Философия Гераклита Темного порождена была аристократической реакцией против революционных стремлений греческого пролетариата. Всеобщее равенство невозможно: сама природа делает людей неравными. Каждый должен быть доволен своей судьбой. В государстве нужно стремиться не к ниспровержению существующего порядка, а к устранению произвола, который возможен как при господстве немногих, так и при господстве массы. Власть должна принадлежать закону, в котором выражается божественный закон. Божественный закон не исключает единства; но единство, согласное с ним, есть единство противоположностей. Поэтому, осуществление планов Ксенофана было бы нарушением божественного закона. Развивая и обосновывая далее эту мысль, Гераклит создал свое диалектическое учение о становлении (Werden) *85.

Так говорит Элевферопулос. Недостаток места не позволяет нам приводить другие образчики делаемого им анализа причин, определивших собою развитие философии. Да это едва ли и нужно. Читатель, надеемся, и сам видит, что этот анализ должен быть признан неудачным. Процесс развития идеологий вообще несравненно сложнее, чем это представляется Элевферопулосу. Читая его донельзя упрощенные соображения о влиянии борьбы классов на историю философии, начинаешь жалеть о том, что ему, как видно, осталась совсем неизвестной названная нами выше книга Эспинаса: односторонность свойственная этой книге, будучи сложена с его собственной односторонностью, может быть, многое исправила бы в его анализе.

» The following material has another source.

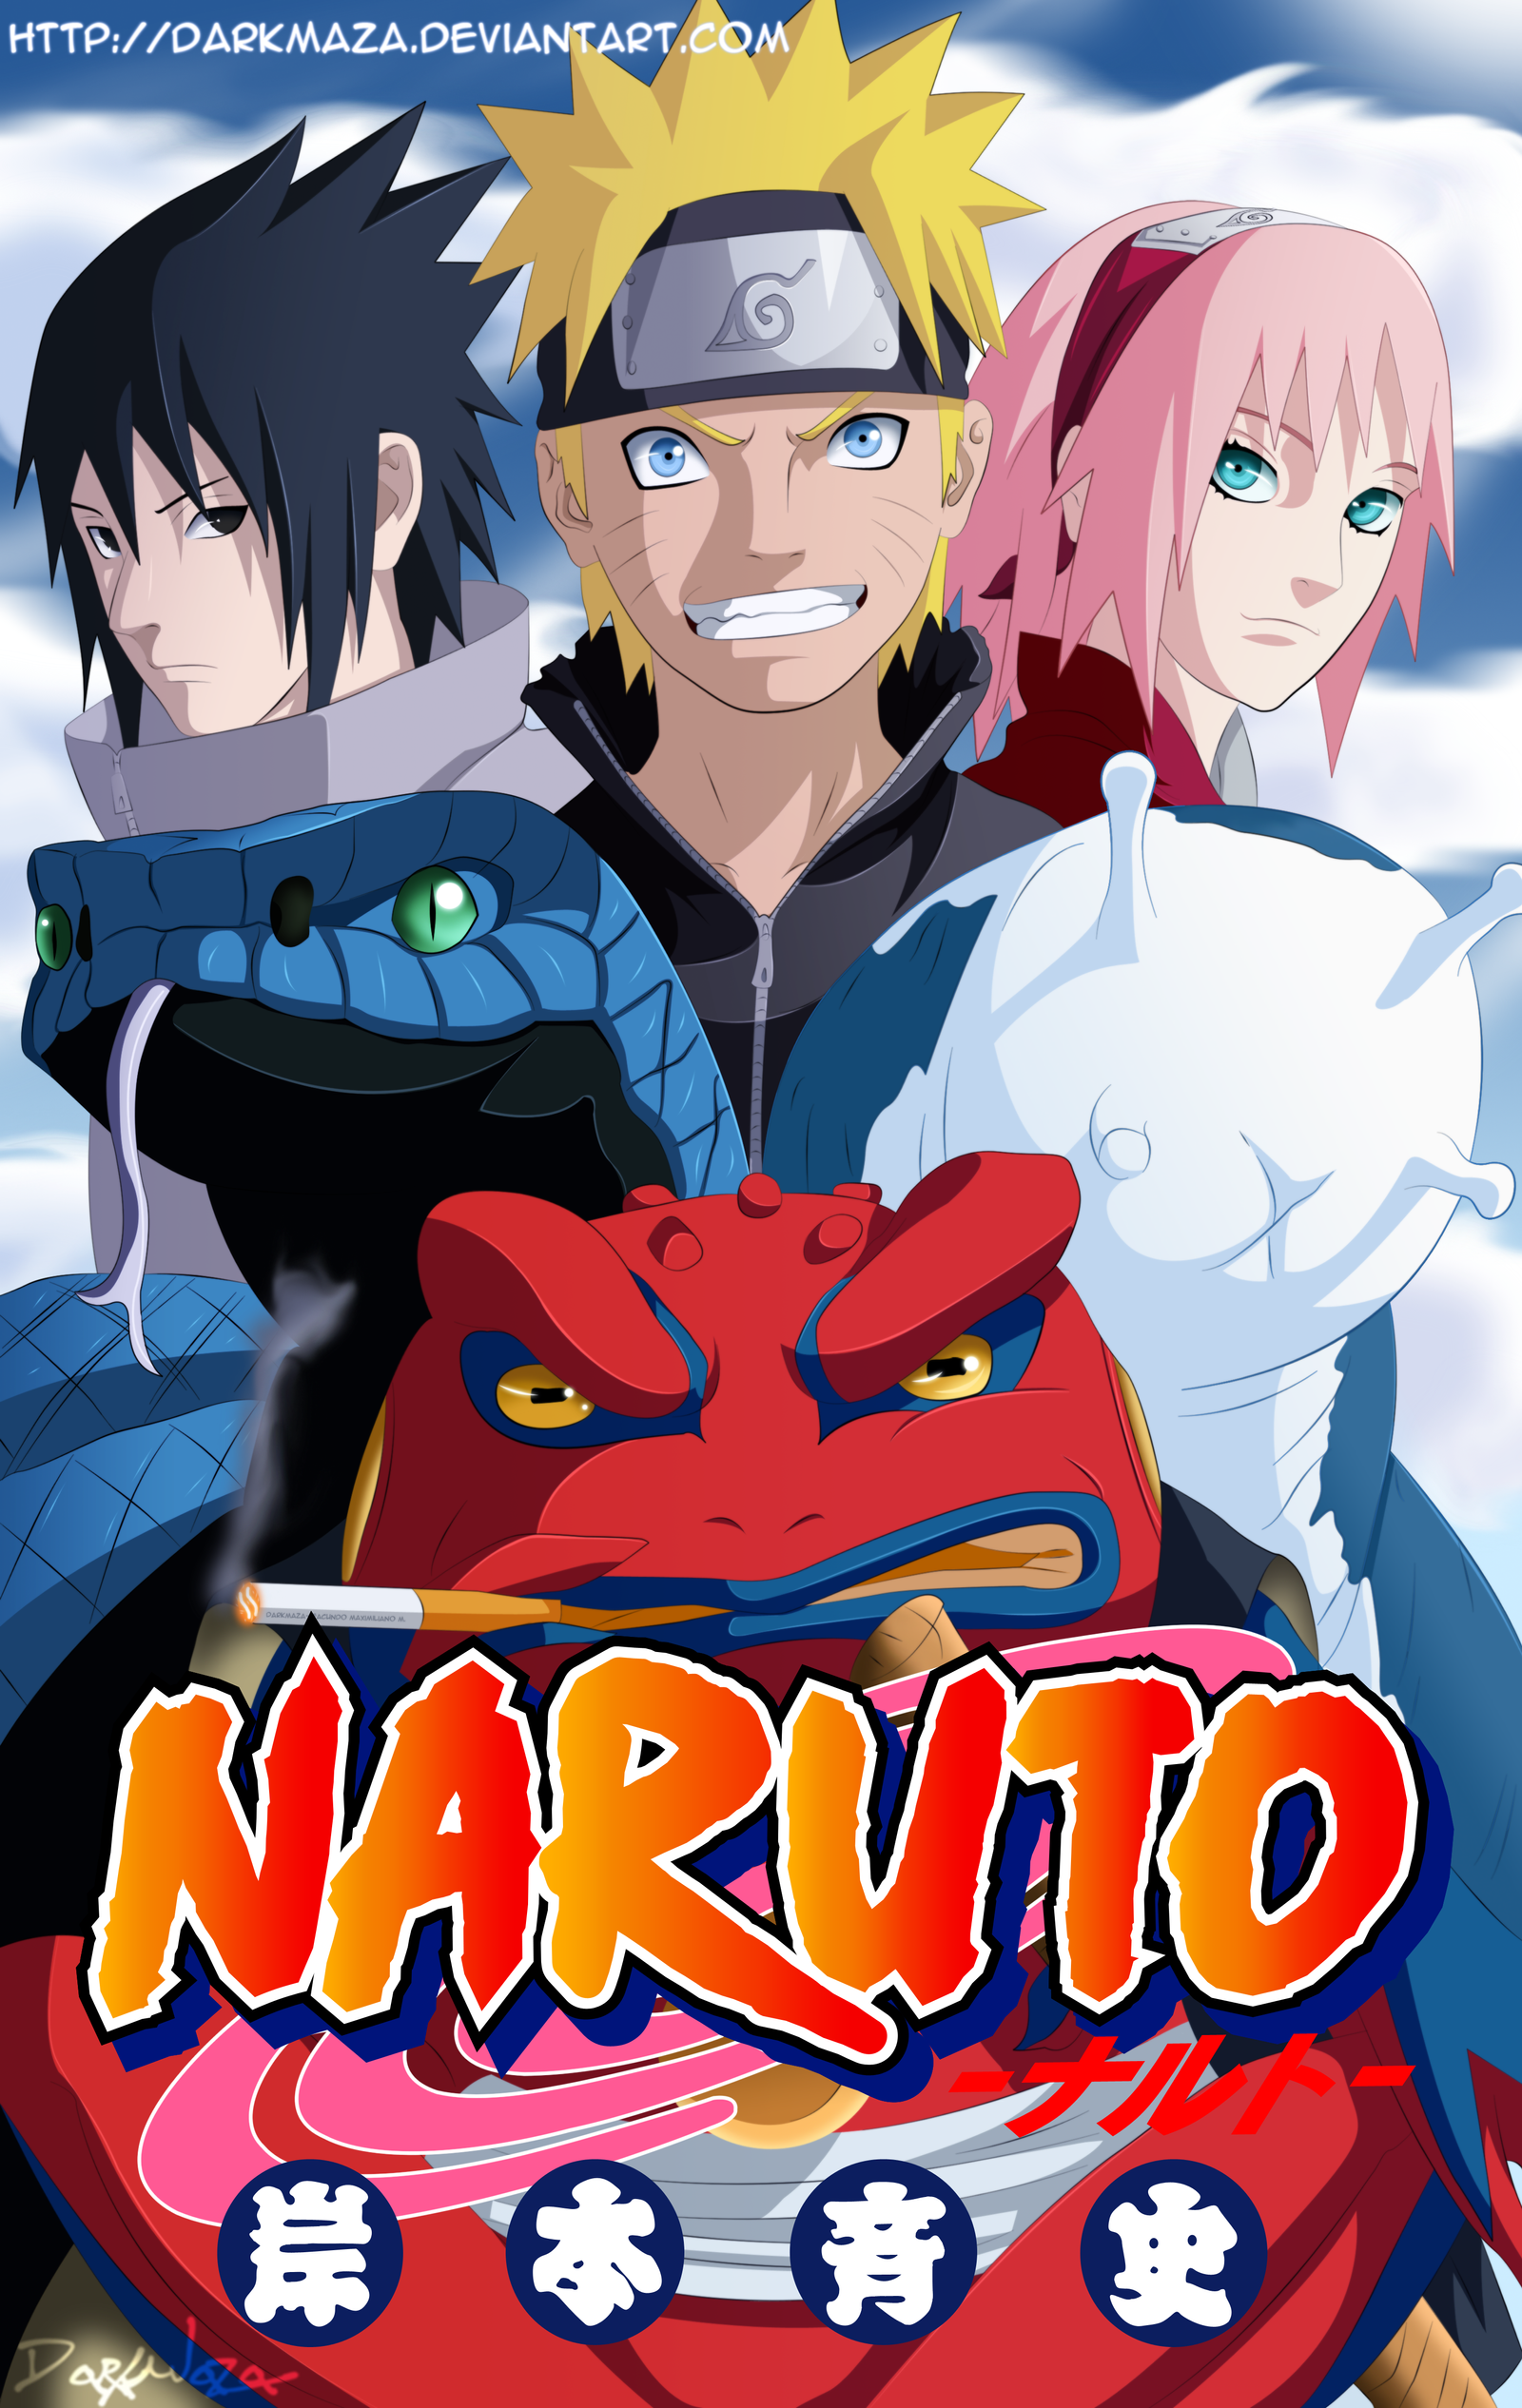 naruto_cover_66_by_darkmaza-d6kn7l0.png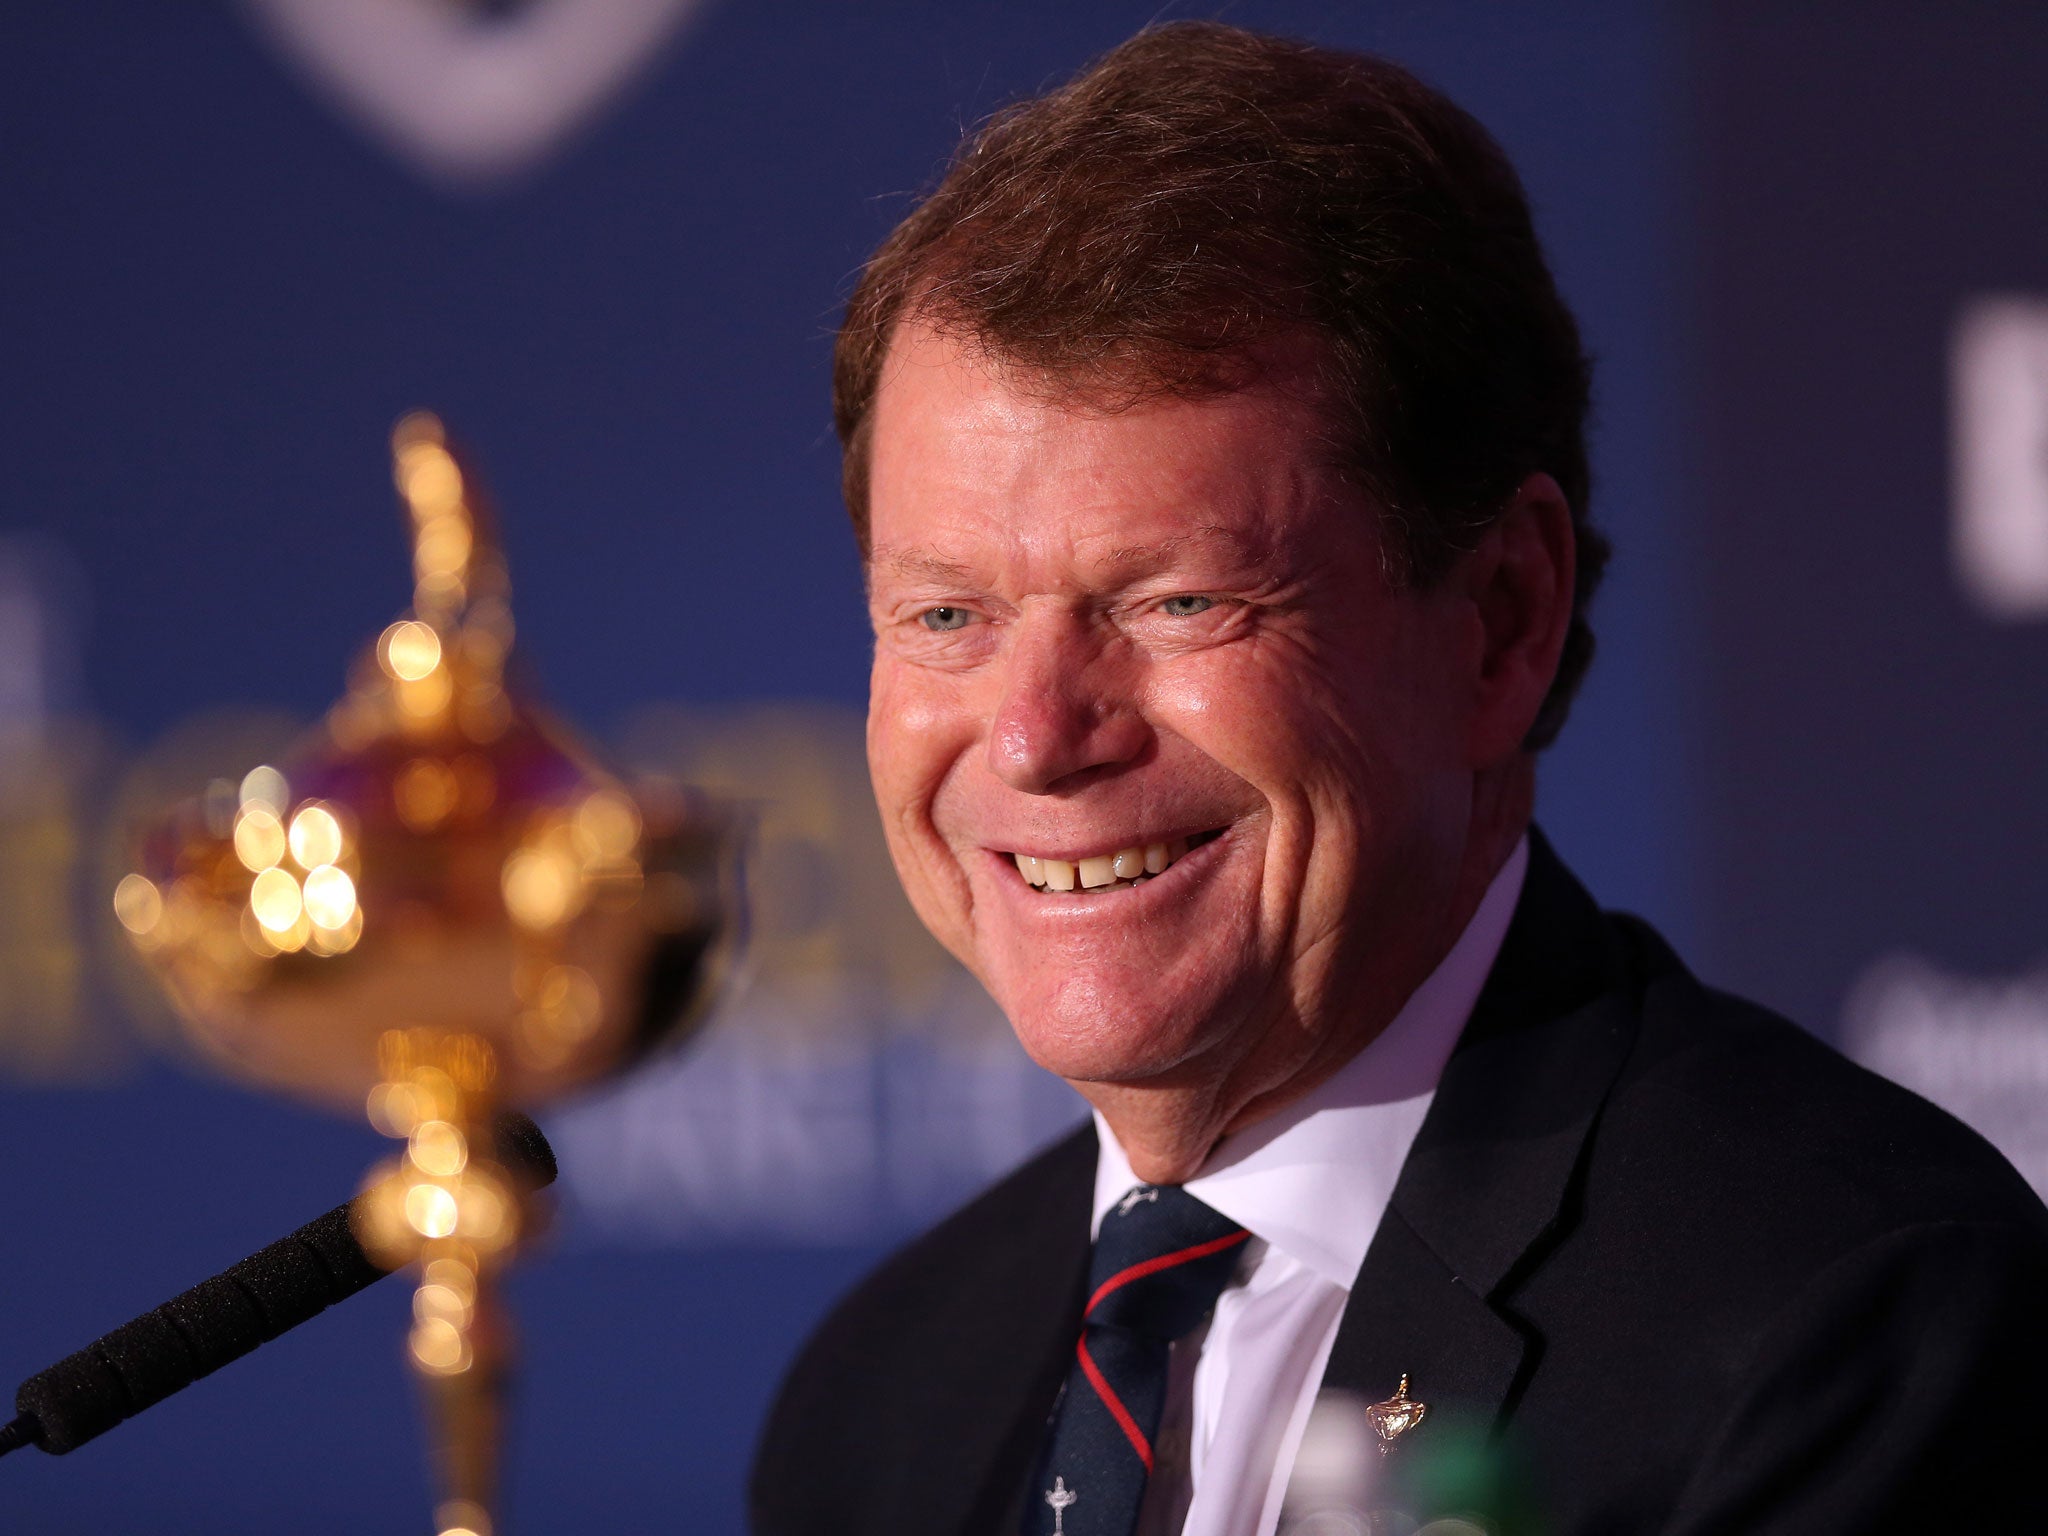 American Ryder Cup captain Tom Watson wants to get rid of the captain's picks and have the 12 best players from the USA and Europe compete

Как бы там, однако, ни было, а неудачная попытка Элевферопулоса все-таки является новым свидетельством в пользу того, - для многих неожиданного, - положения, что более основательное усвоение исторического материализма Маркса полезна была бы многим нынешним последователям именно для предохранения их от односторонности. Элевферапулос знаком с этим материализмом. Но он плохо знаком с ним. Это доказывается той будто бы поправкой, которую он считает нужным внести в него.

Он замечает, что экономические отношения данного народа обусловливают собою лишь необходимость его развития; само же развитие является делом индивидуальности, так что жизне-и миропонимание этого народа определяется в своем содержании, во-первых, его характером и характером обитаемой им страны, во-вторых, его нуждами, а, в-третьих, личными особенностями тех людей, которые выступают в его среде, как реформаторы. Только в этом смысле и можно говорить, по замечанию Элевферопулоса, об отношении философии к экономии. Философия исполняет требования своего времени, она исполняет их сообразно личности философа.

Элевферопулос полагает, должно быть, что этот его взгляд на отношения философии к экономии представляет собою нечто особенное сравнительно с материалистическим взглядом Маркса-Энгельса. Он считает нужным дать своему объяснению истории новое имя, называя его греческой теорией становления (griechische Theorie des Werdens *86) Это просто забавно, и по этому поводу можно сказать только одно греческая теория становления, являющаяся на самом деле не чем иным, как довольно плохо переваренным и довольно нескладно изложенным историческим материализмом, все-таки обещает значительно больше, чем дает Элевферопулос, переходя от характеристики своего метода к пользованию им: тогда он уже совсем уходит от Маркса.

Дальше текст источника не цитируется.